# Siemens 200 kW AC motor



## CroDriver (Jan 8, 2009)

I'm interested in this motor:

http://www.evdrive.com/BMW_project/ACmotor.html#Oct08

I would like to use 2 of those but I can't find any information about this motor. Any experience? Price? Availability? Performance? 

The Evisol converter used in this BMW is not available. Any similar or suitable for such a motor?

Is any similar motor (Siemens or another producer) available?

Thank you for your answers


----------



## major (Apr 4, 2008)

CroDriver said:


> Any similar or suitable for such a motor?
> 
> Is any similar motor (Siemens or another producer) available?


Hi Cro,

Have you contacted http://www.metricmind.com/ ?

major


----------



## 80N541 (Jan 11, 2009)

you've got http://www.evisol.com too (it's the same as metricmind but in europe). First of all, the big pb with evisol is the price. The second pb is that siemens had sold it's motion branch to continental wich sold it (THree week after) to a german company. I don't know if they can get these motors anymore. I've contacted siemens france, these ones are no longer in the catalogue...


----------



## Janis (Jan 27, 2009)

You can check here from Siemens your appropriate motor, what are available now, then we could check for price: https://mall.automation.siemens.com...43-644-645-646-539-540-542-543-544-&jumpto=37


----------



## ice (Sep 8, 2008)

wow, nice post and very informative links!


----------



## CroDriver (Jan 8, 2009)

80N541 said:


> you've got http://www.evisol.com too (it's the same as metricmind but in europe). First of all, the big pb with evisol is the price. The second pb is that siemens had sold it's motion branch to continental wich sold it (THree week after) to a german company. I don't know if they can get these motors anymore. I've contacted siemens france, these ones are no longer in the catalogue...


I contacted Bursa (the company that is producing the controllers for Evisol). The 200kW controller is no longer available. Instead that, they offered me a 100kW controller for 20.000€   OMG, crazy!
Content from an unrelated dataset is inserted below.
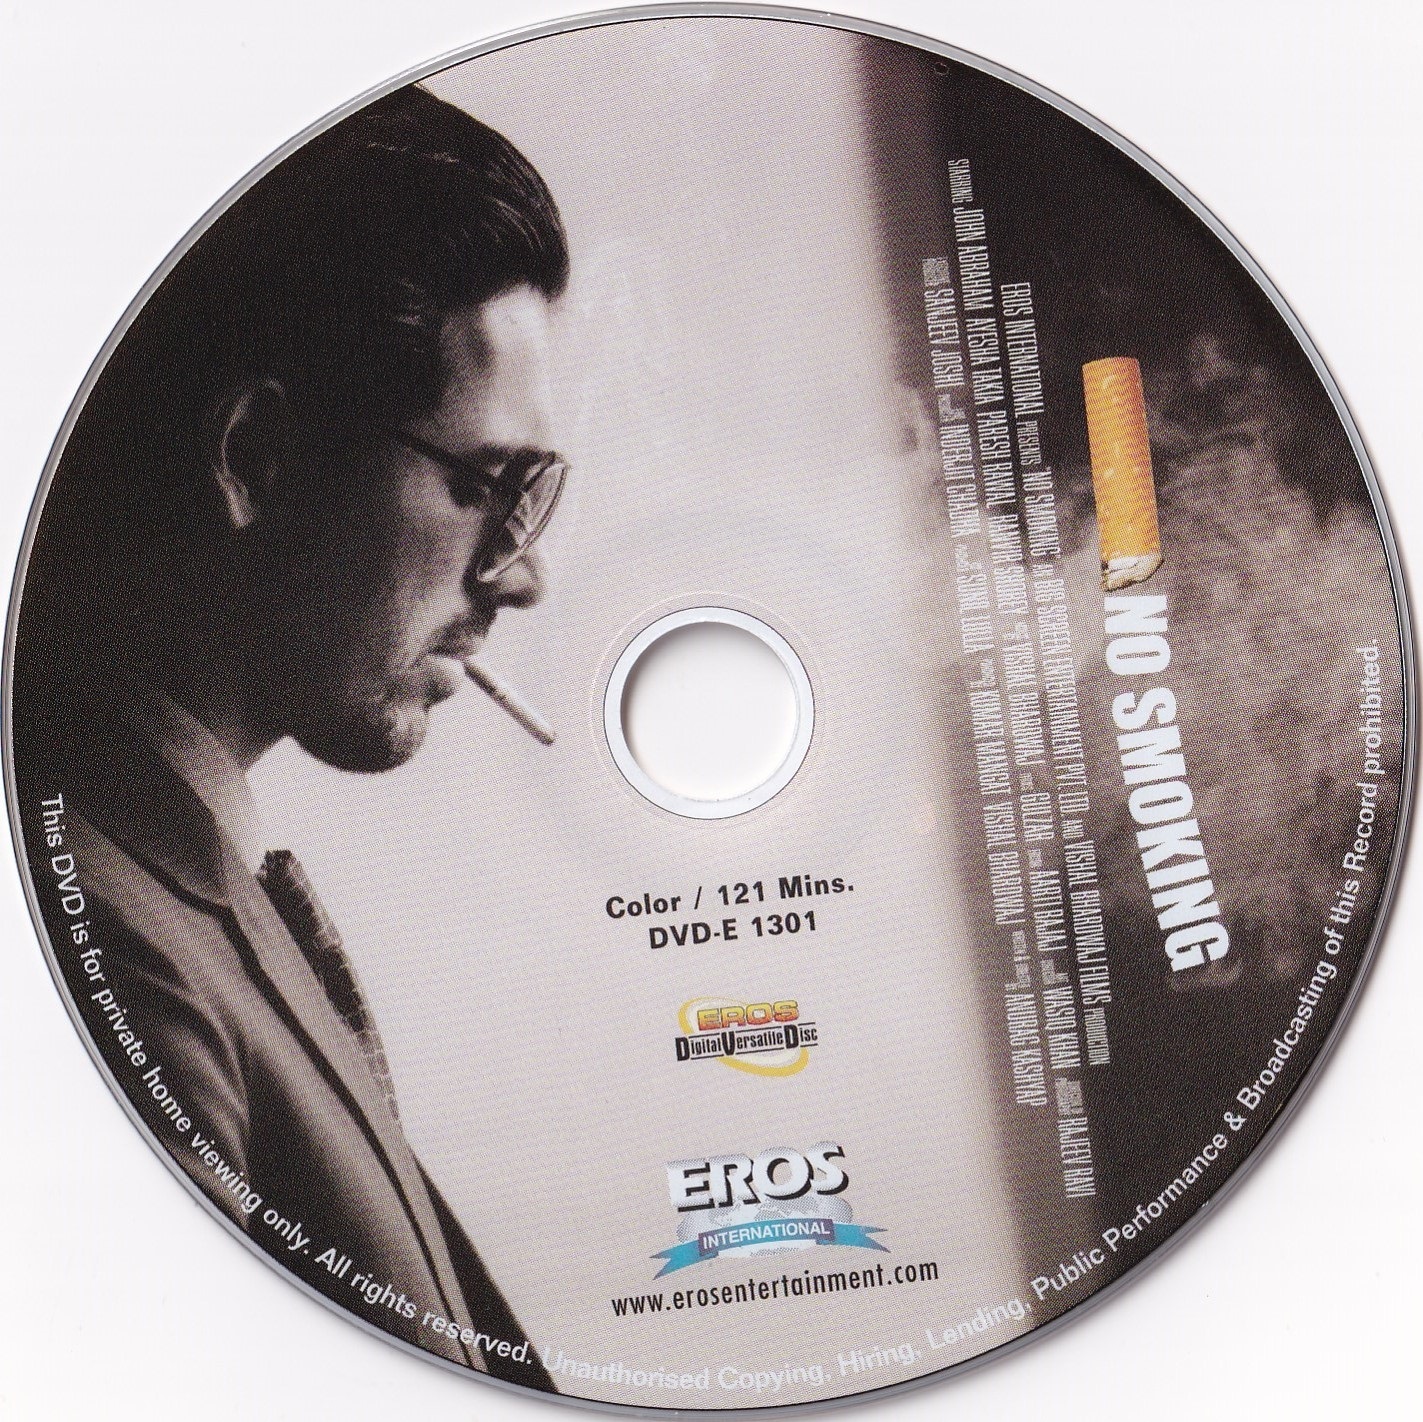 No Smoking (2007)

This Siemens motor we talked about is not available to general public but I think that I found a similar motor or the same one, just camouflaged

http://www.automation.siemens.com/_en/mc/mc-sol/en/9d2a796c-613d-4f8f-9fec-813d65b9a0fa/index.aspx

The claimed cont. power is the same, same RPM and it looks the same


----------



## metricmind (Jun 19, 2009)

Hello, Metric Mind here,

As far as 200kW Siemens motors, I can get those for you, but will sell only together with capable inverters. The 200kW motor you refer to is actually
67kW *rated* Siemens 1PV5135-WS28 model I use to sell. Now I found another supplier in Europe, but as I
mentioned, makes no sense to sell motors without inverters. Expected cost
of 200kW inverter is about $10k. BRUSA systems are for OEMs they will keep small guys away by artificially higher pricing - standard practice in industry.

The motor used in BMW324 conversion is the same I use in mine:
http://www.metricmind.com/audi/main.htm only I will put two of them
for 400kW peak. Should get this hardware by the end of the year for people. 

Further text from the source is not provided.